Jul 2008 Molecular cancer research : MCR

Gain-of-function mutations in the extracellular domain of KIT are common in canine mast cell tumors.


Letard S, Yang Y, Hanssens K, Palmérini F, Leventhal PS, Guéry S, Moussy A, Kinet JP, Hermine O, Dubreuil P


In the current study, we examined the types and frequency of KIT mutations in mast cell tumors from 191 dogs. Sequencing of reverse transcription-PCR products revealed alterations in 50 (26.2%) of the dogs. Most mutations were in exon 11 (n = 32), and of these, most were internal tandem duplications (n = 25) between residues 571 and 590. Within exon 11, there were two hotspots for mutations at codons 555-559 and 571-590. In addition, nine dogs had mutations in exon 8 and eight had mutations in exon 9. We selected the two most common mutants and two representative exon 11 mutants for further analysis.

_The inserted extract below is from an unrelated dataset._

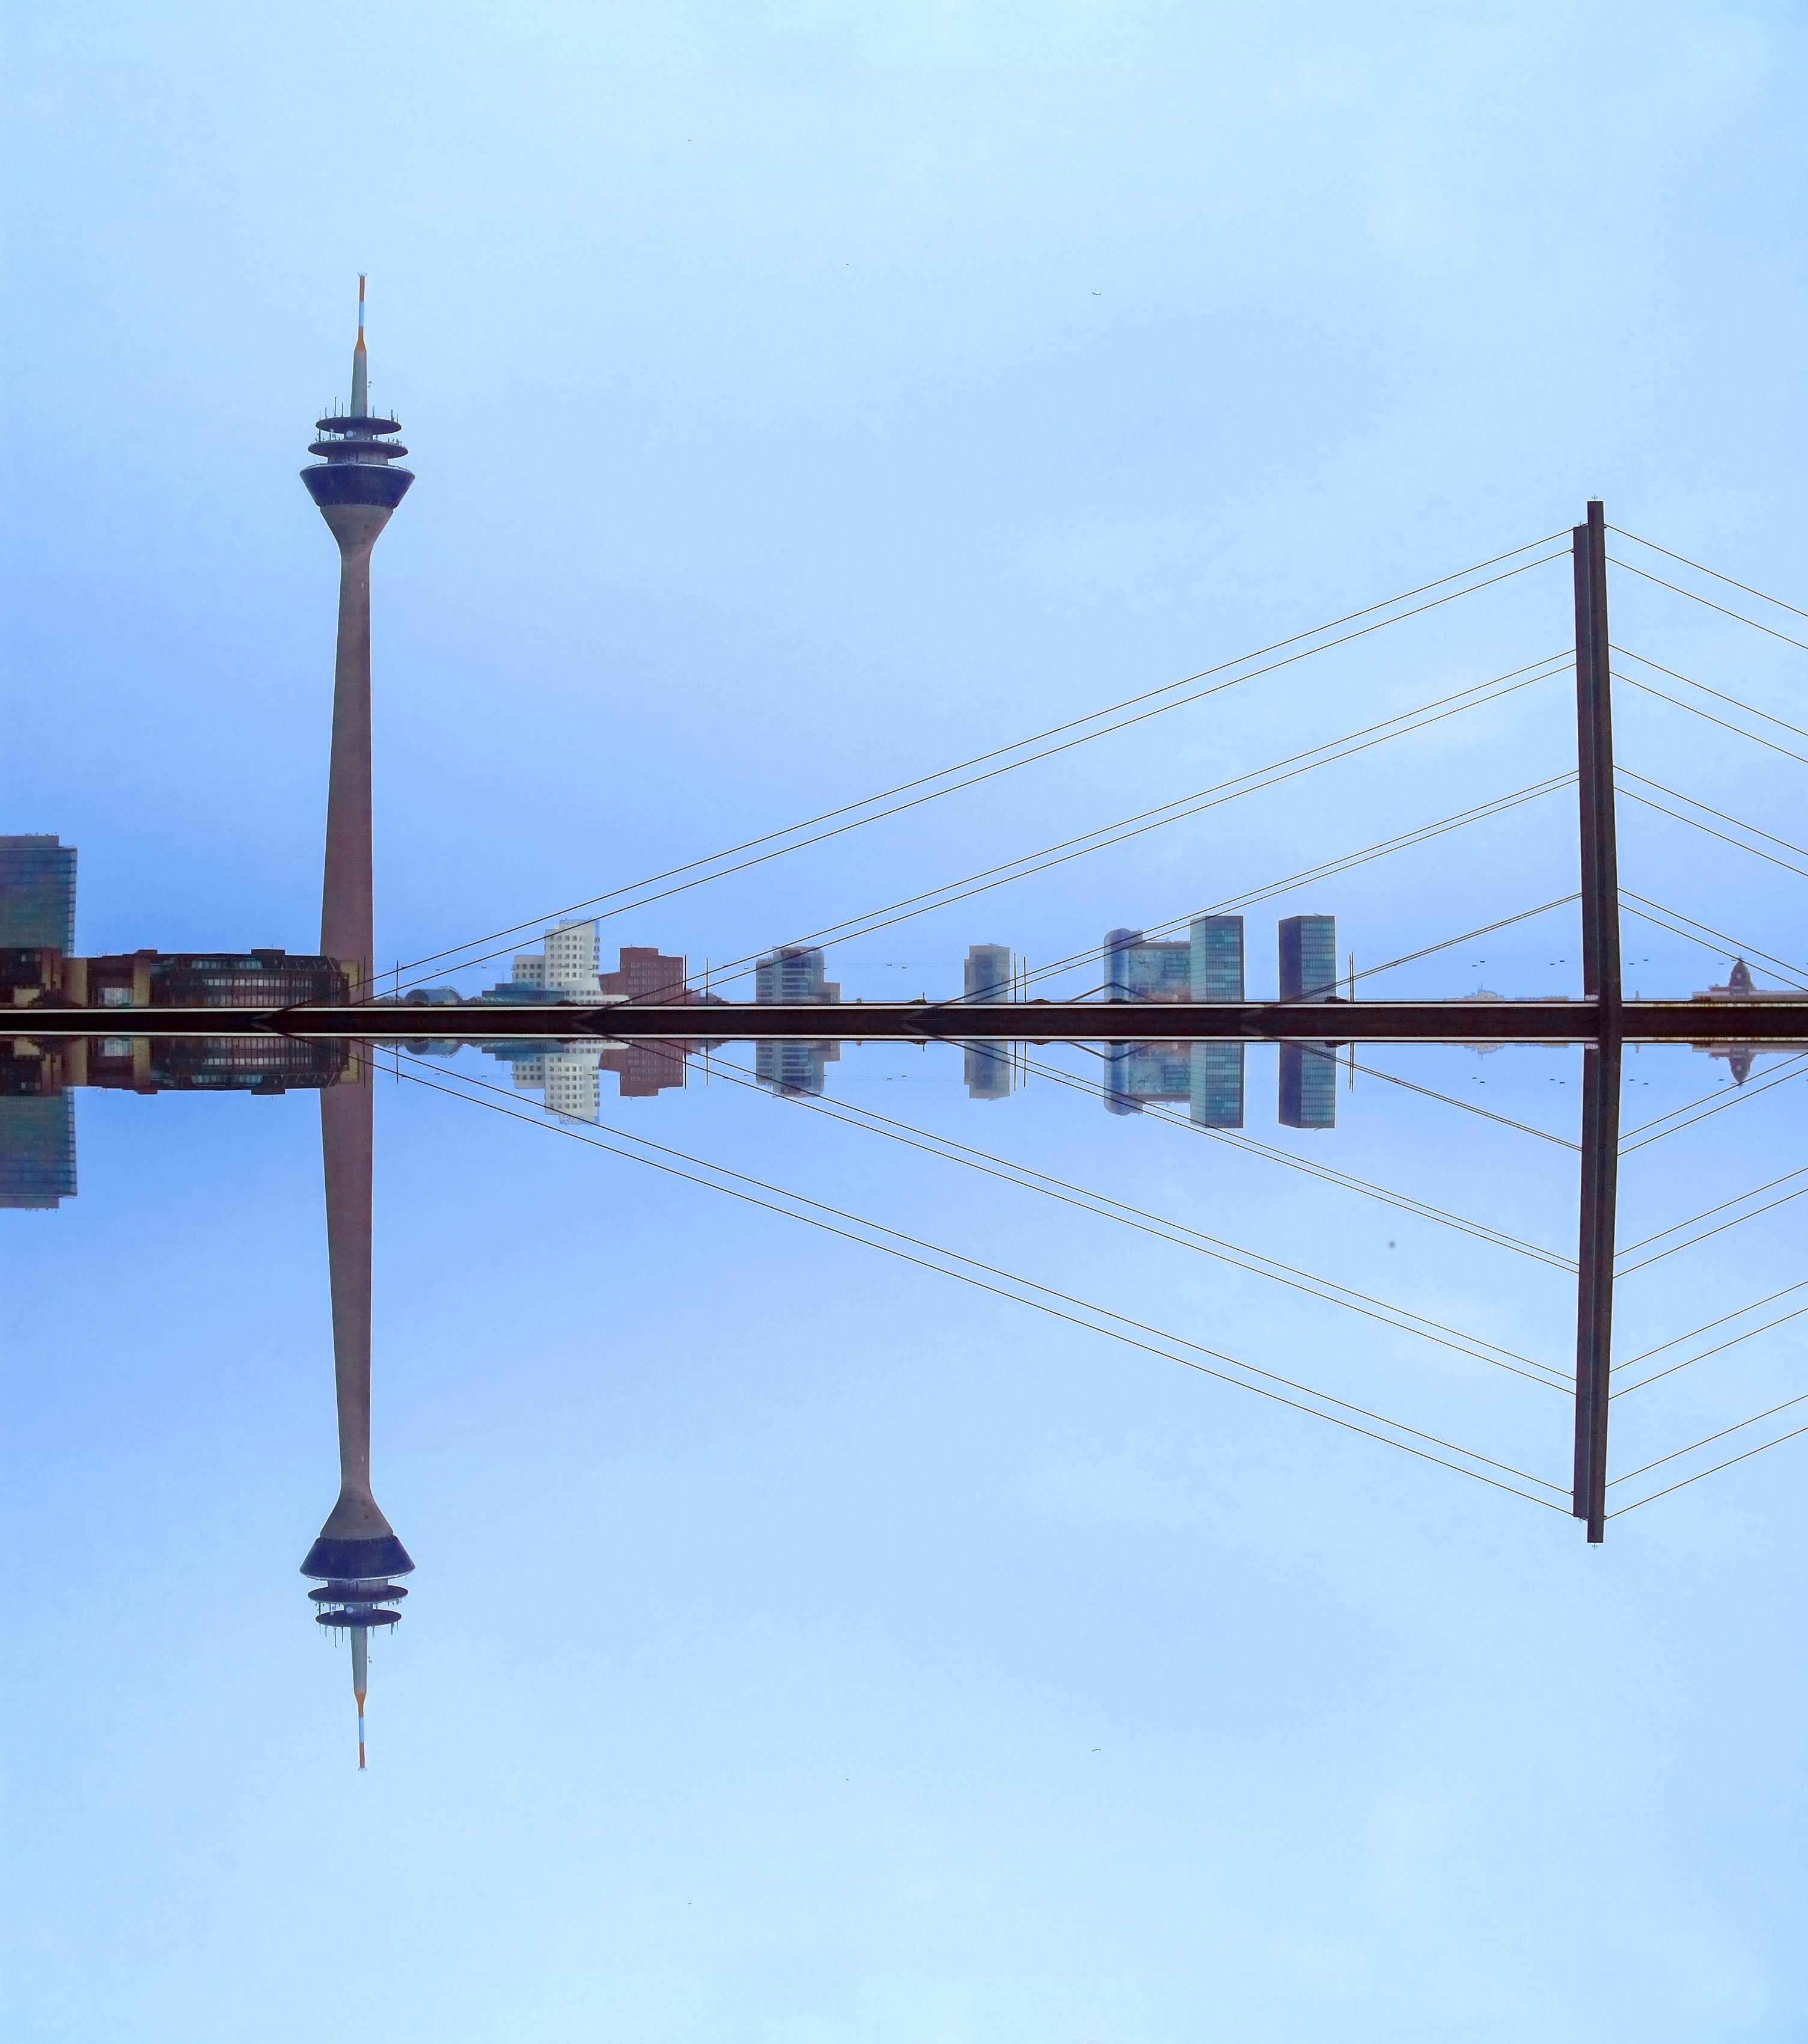 Онлайн-экскурсия: «Архитектурный зоопарк Дюссельдорфа»
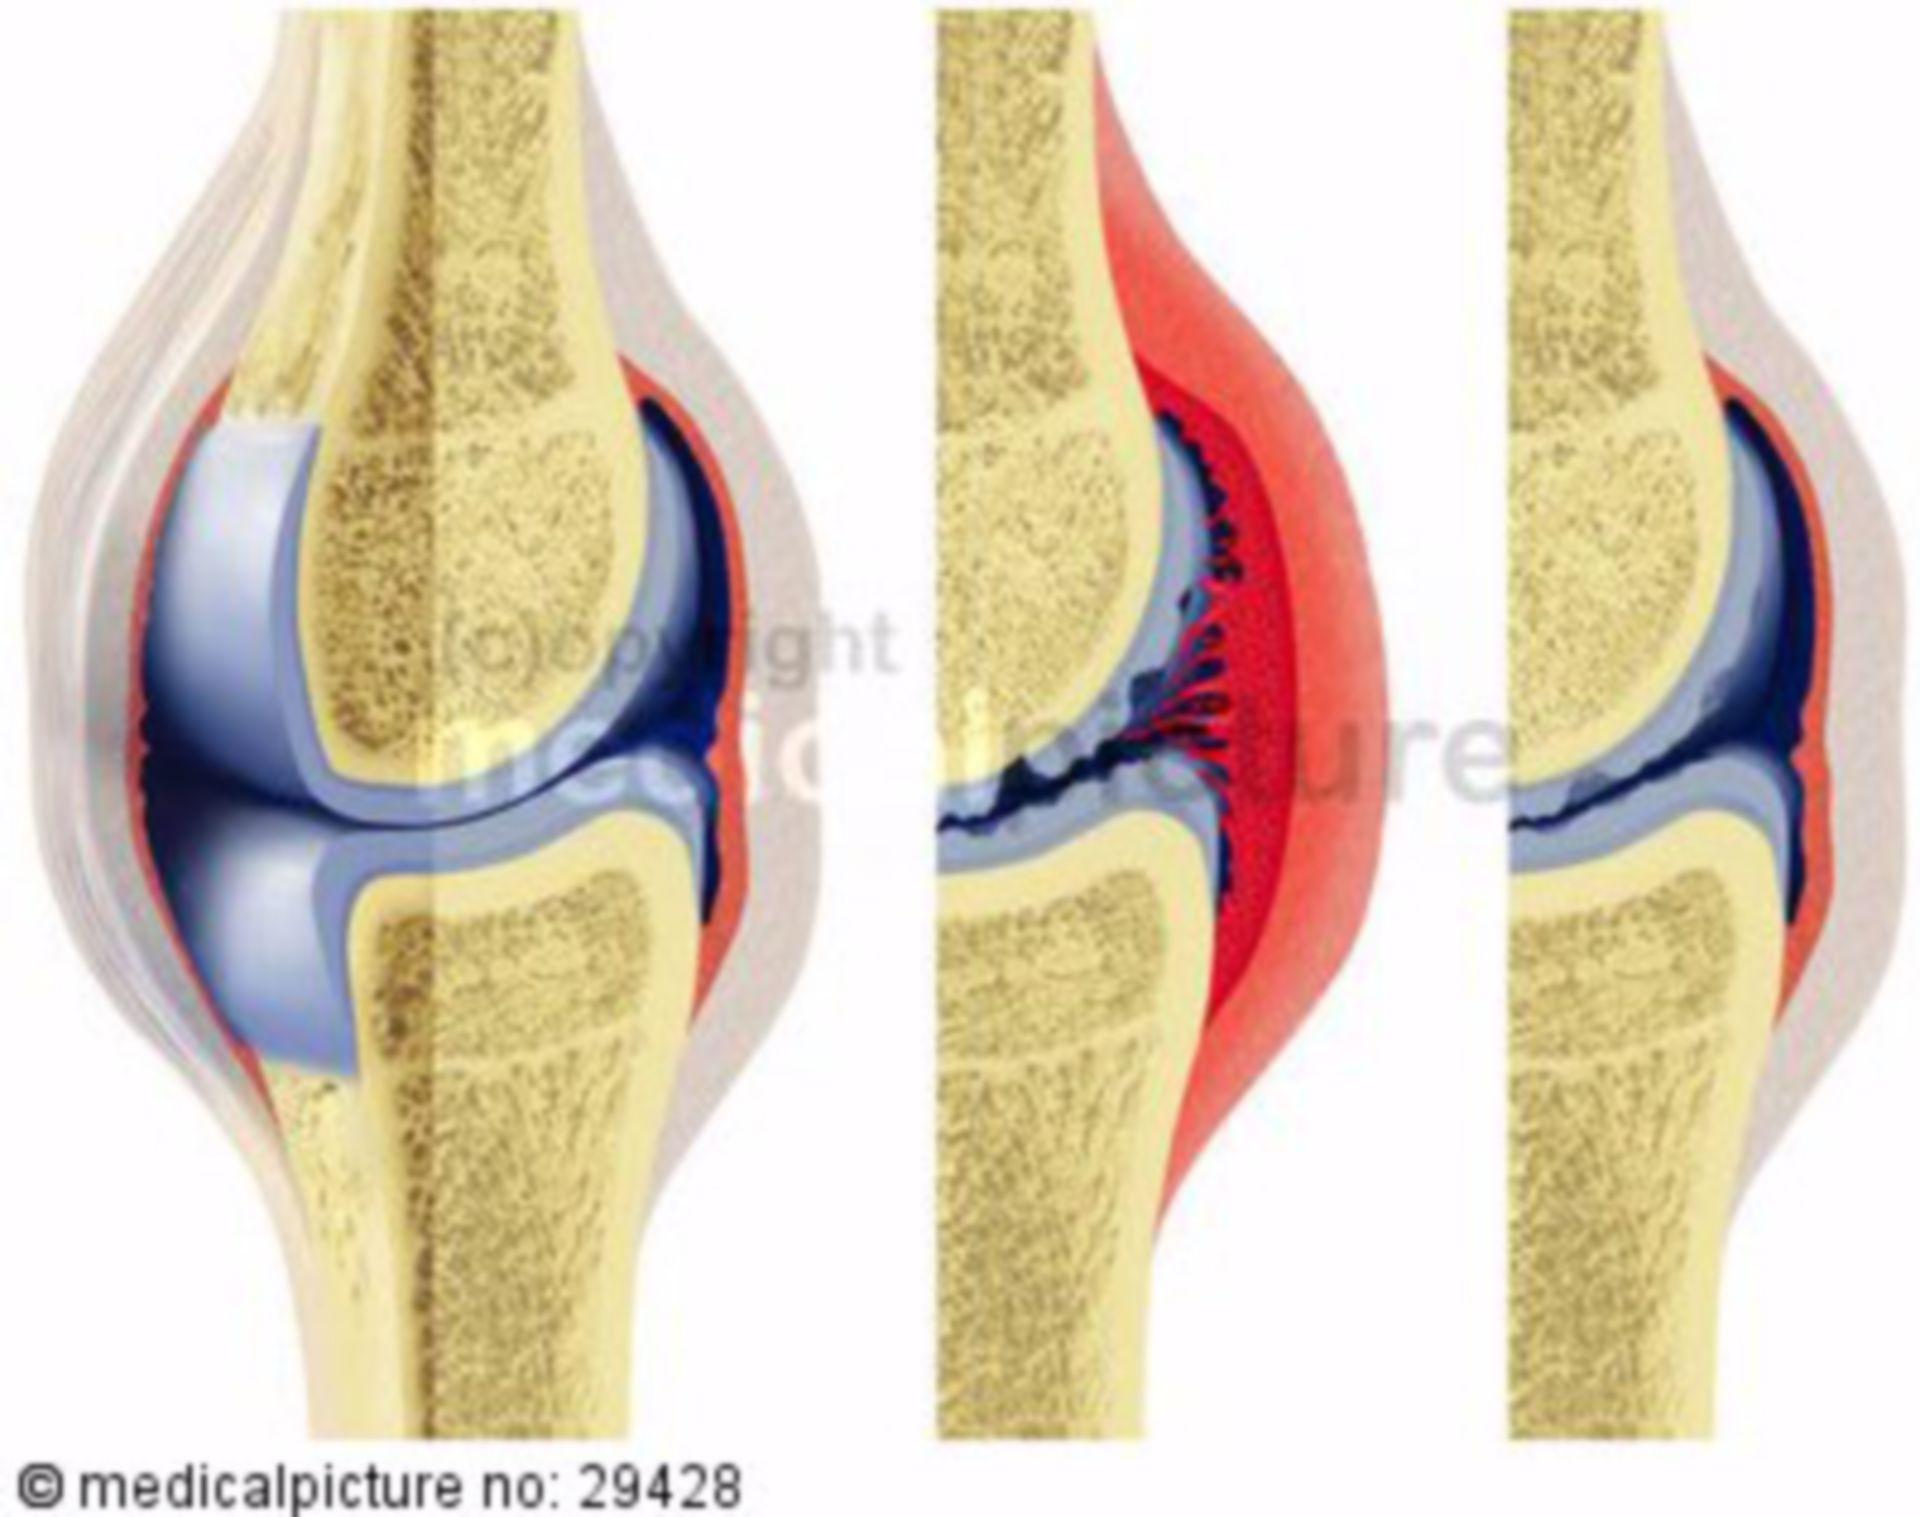 Development and progress of (treated) rheumatoid arthritis

When expressed in Ba/F3 cells, they were constitutively tyrosine phosphorylated and induced growth factor-independent cell proliferation. AG1296, a tyrosine kinase inhibitor, dose dependently inhibited both the tyrosine phosphorylation of these mutants and their induction of growth factor-independent proliferation. This study shows that activating mutations in not only exon 11 but also exons 8 and 9 are common in canine mast cell tumors. These results also show that Ba/F3 cells can be used for the direct characterization of canine KIT mutants, eliminating the need to make equivalent mutations in the mouse or human genes.